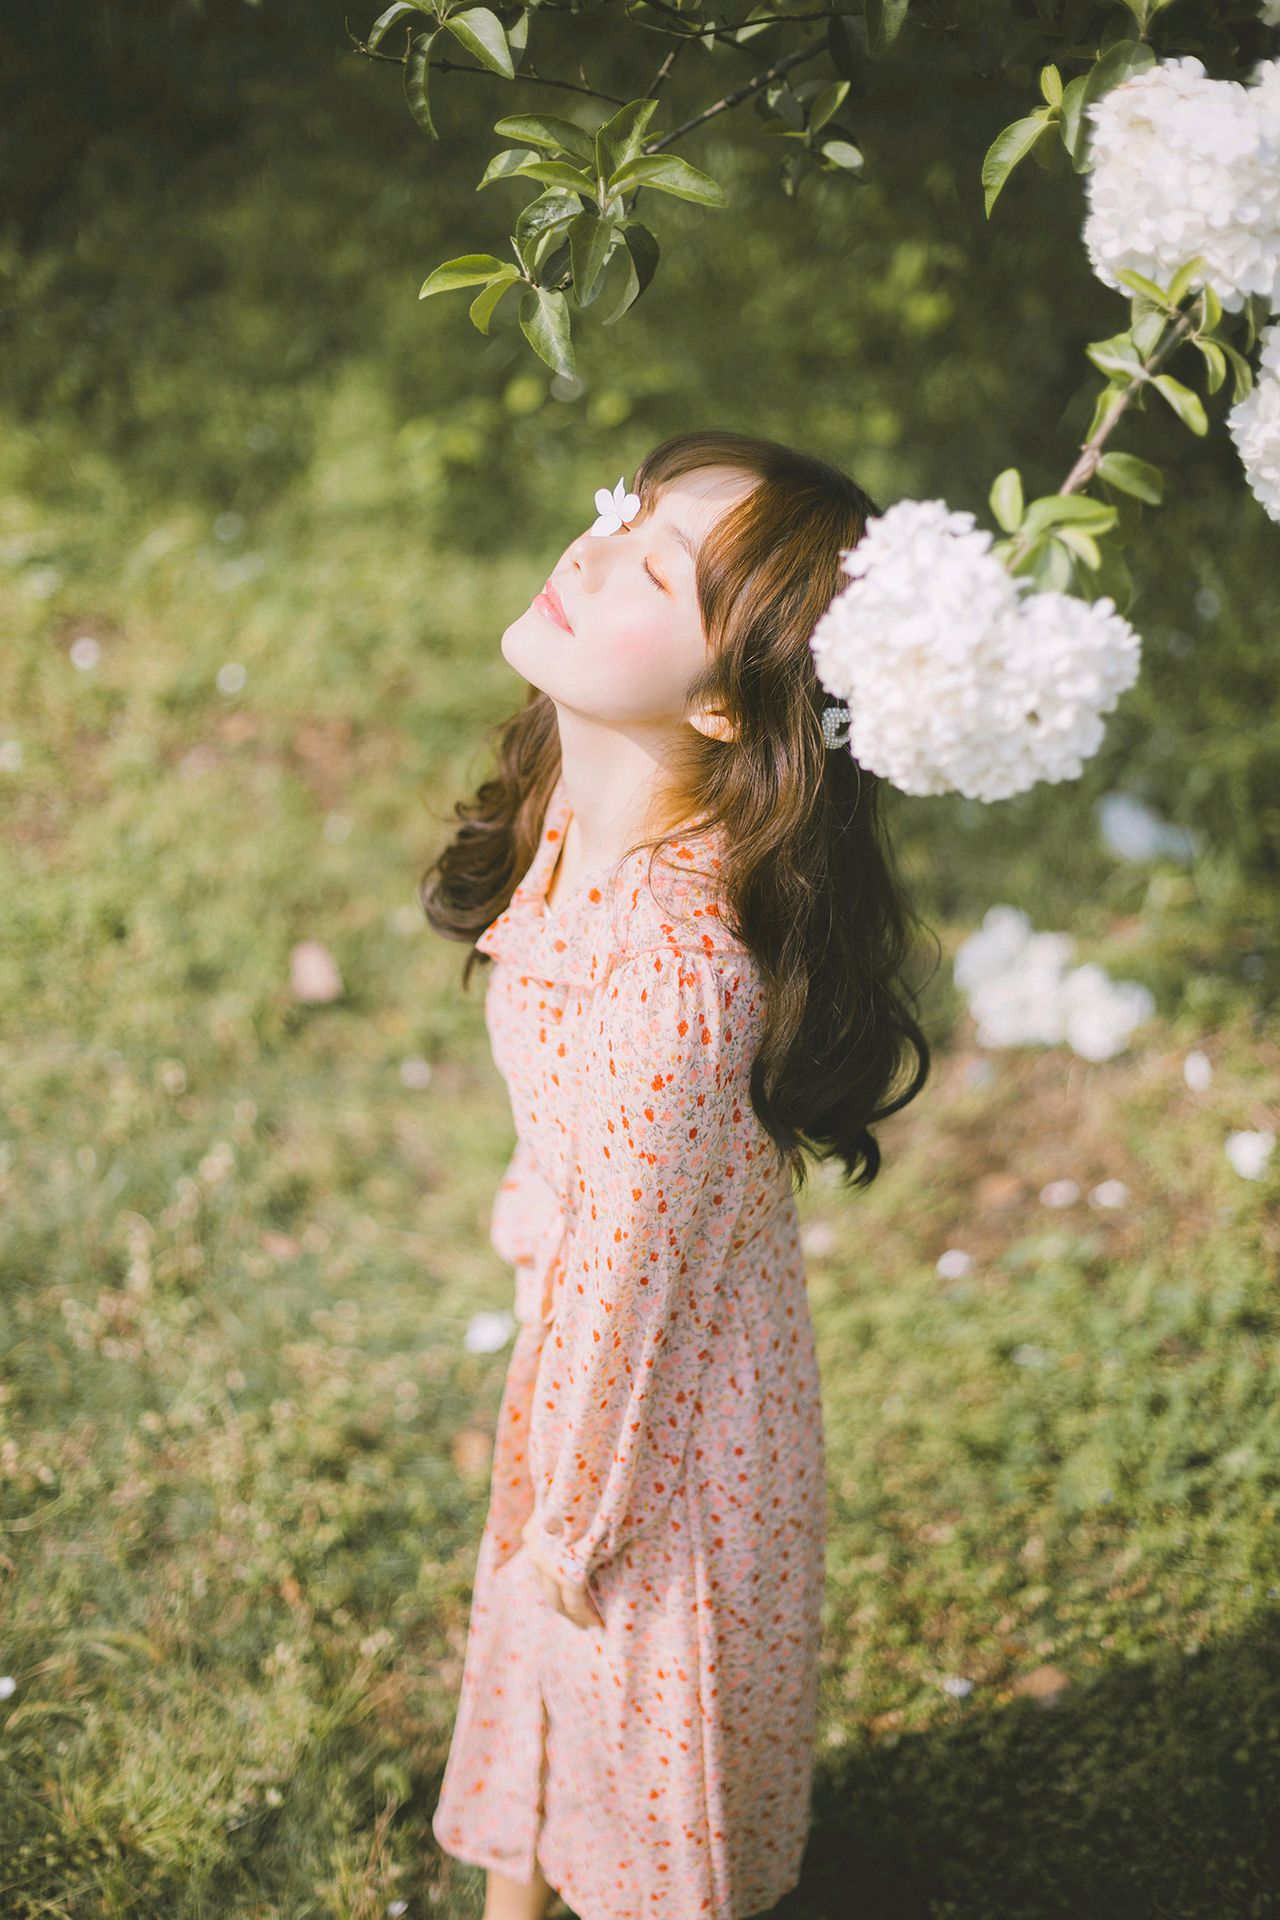 人气单品/温柔气质碎花连衣裙☞唯美清新,美出新高度!
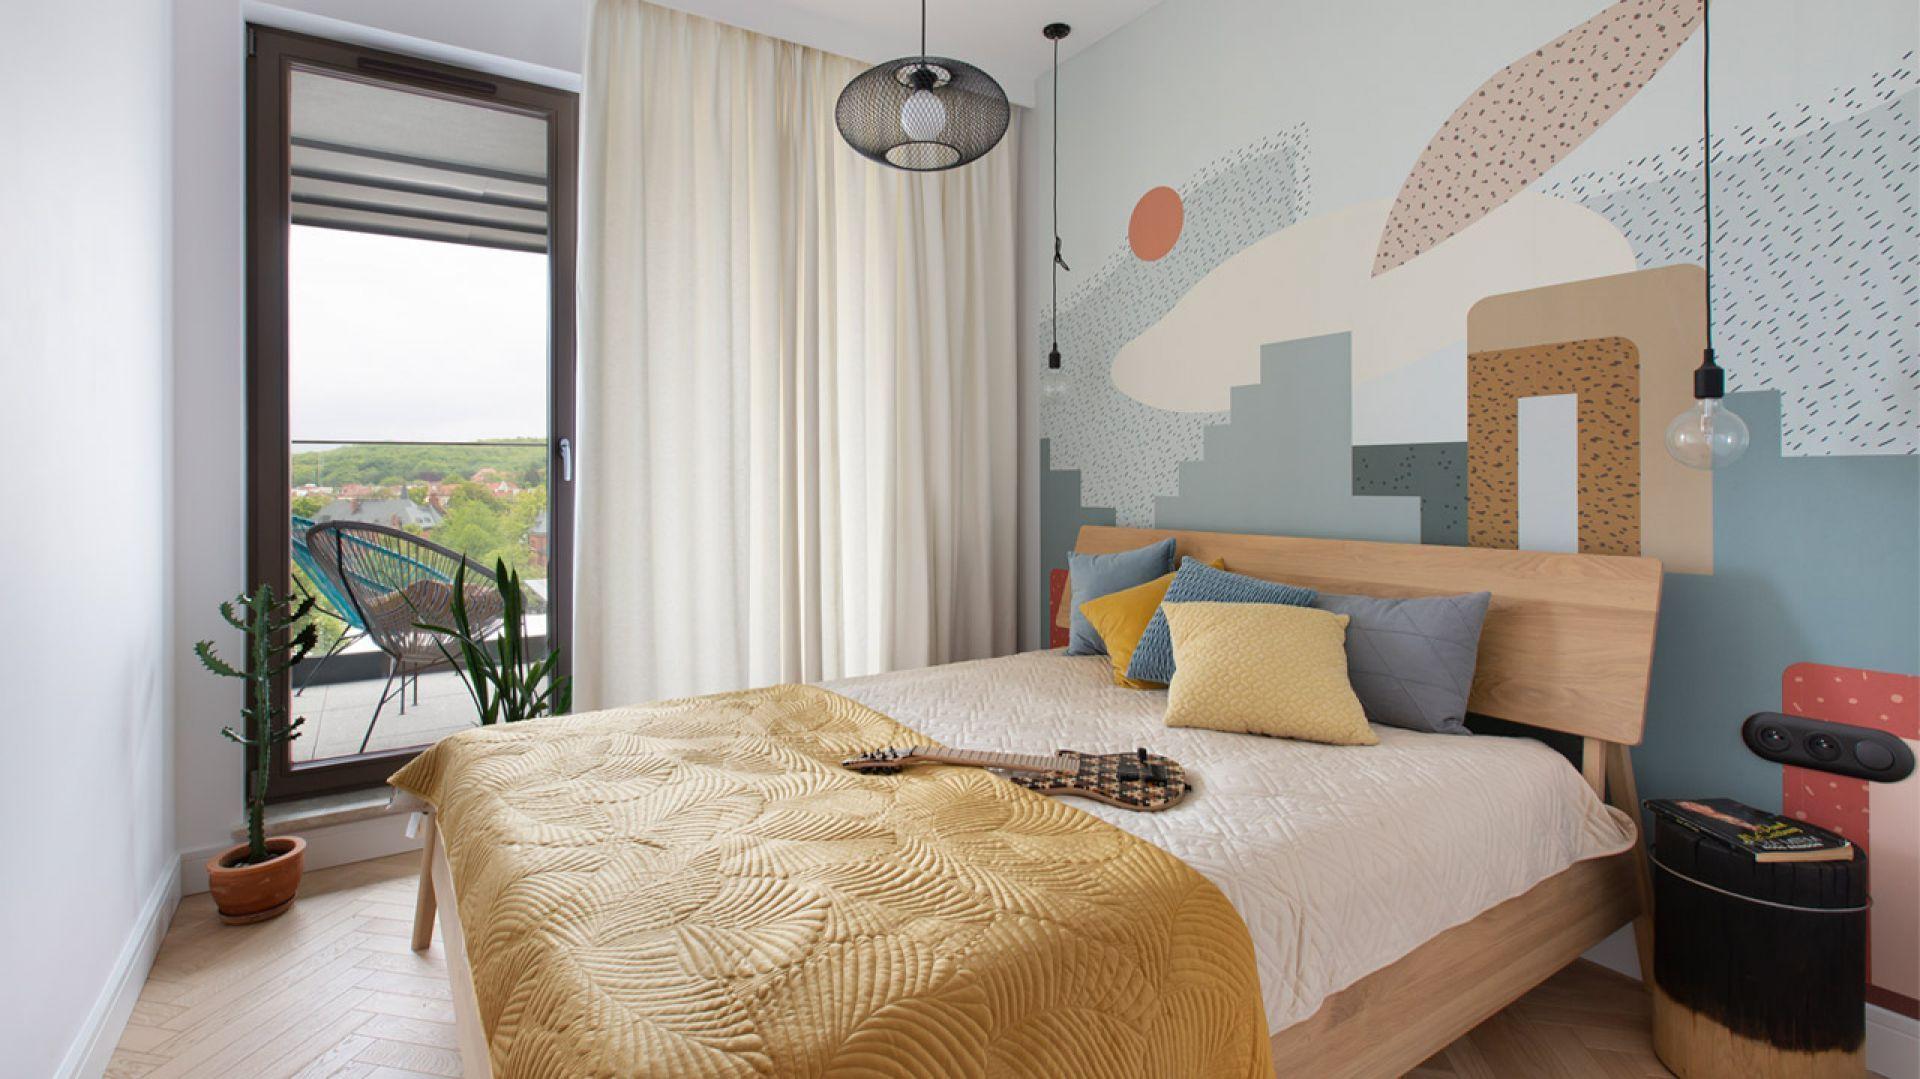 Ściana za łóżkiem w sypialni wykończona jest kolorową tapetą o ładnym, geometrycznym wzorze. Kolory są subtelne i spokojne. Projekt: Marta Kodrzycka, Marta Wróbel, Grupa Malaga. Fot. Magdalena Łojewska
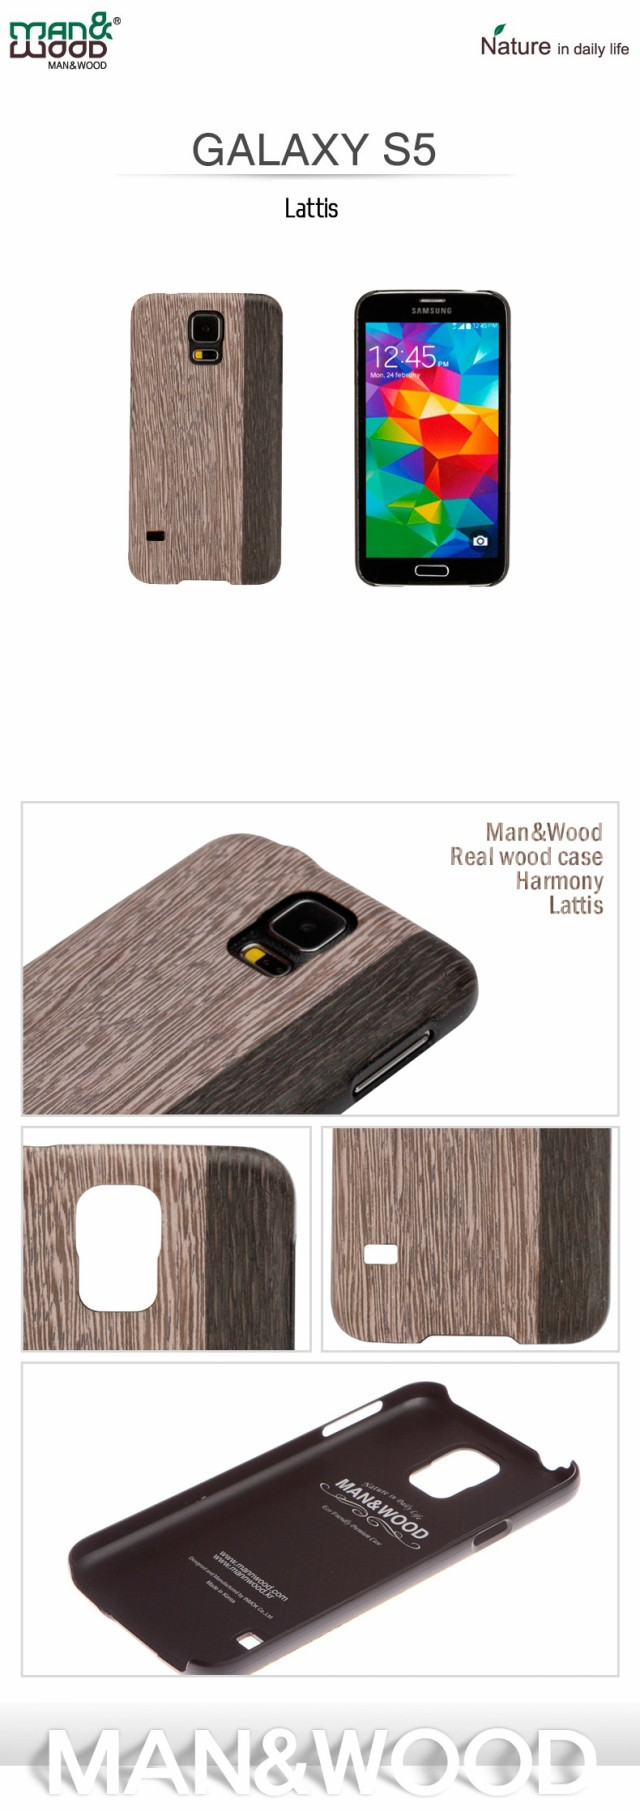 商品詳細 GALAXY S5 ケースM&W天然木Real wood cas Harmony Lattis
- - -
Task instructions:
Nothing but an exact copy of the data, without pictures, should be returned.

Problem solution:
 人气单品/温柔气质碎花连衣裙☞唯美清新,美出新高度!
 Ściana za łóżkiem w sypialni wykończona jest kolorową tapetą o ładnym, geometrycznym wzorze. Kolory są subtelne i spokojne. Projekt: Marta Kodrzycka, Marta Wróbel, Grupa Malaga. Fot. Magdalena Łojewska
 商品詳細 GALAXY S5 ケースM&W天然木Real wood cas Harmony Lattis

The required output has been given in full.